Furthermore, the opinion of the New Jersey Supreme Court in this case is not even discussed by the majority. There is no dispute that respondent's conduct was offensive to the canons of ethics, and reflected adversely upon the legal profession. The New Jersey Supreme Court, however, found there to be mitigating factors which warranted suspension, rather than disbarment. In imposing its sanction the state Supreme Court pointed out:

"We are aware that this is the first ethics complaint against respondent in his 20 years as a member of the bar. His reputation among fellow attorneys for honesty and integrity was vouched for at the ethics committee hearing. Nevertheless, his conduct cannot be excused or condoned." In the Matter of Cornelius W. Caruso, Sr., An Attorney-at-Law, 67 N.J. 44, 46, 335 A.2d 10, 11 (1975).

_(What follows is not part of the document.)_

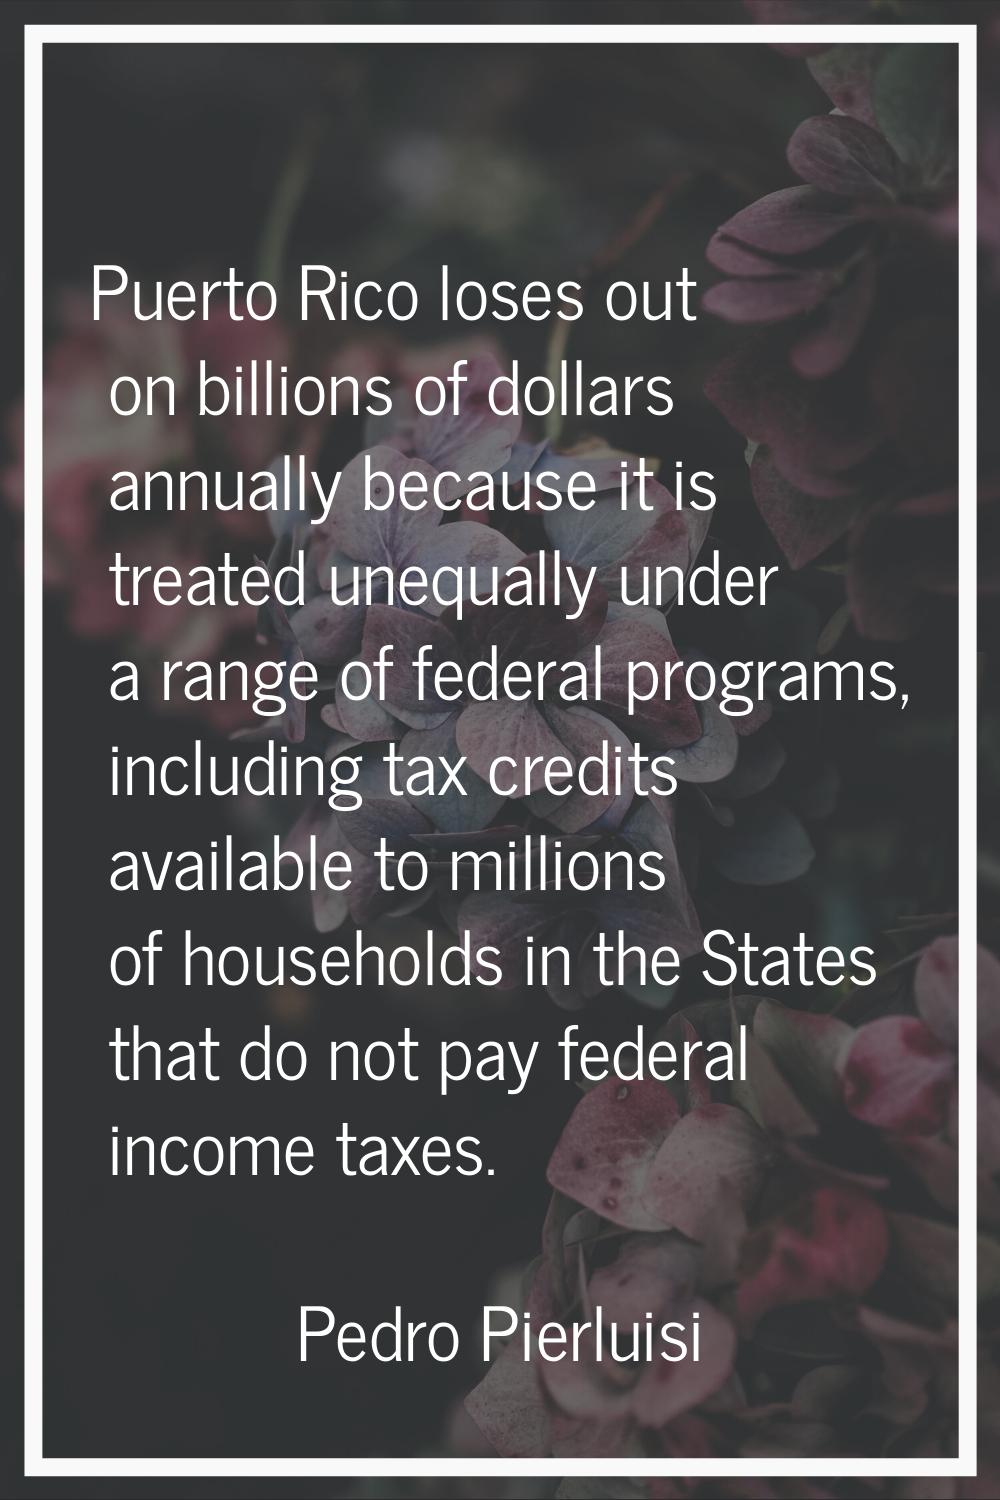 Puerto Rico loses out on billions of dollars annually because it is treated unequally under a range

In short, we believe that the majority has failed to demonstrate why this case requires this court to impose the harsher sanction of disbarment. See Selling v. Radford, 243 U.S. 46, 51, 37 S.Ct. 377, 379, 61 L.Ed. 585, 587 (1917).

For the above reasons we would direct, as did the State Supreme Court, that Cornelius W. Caruso be suspended from the practice of law for three years and until the further order of this Court.

NOTES

[1] The power of this court to impose a sanction other than the one imposed by the state courts has never been questioned. Matter of Abrams, 521 F.2d at 1099, 385 F.Supp. at 1212-13 (Cohen and Fisher, JJ., dissenting).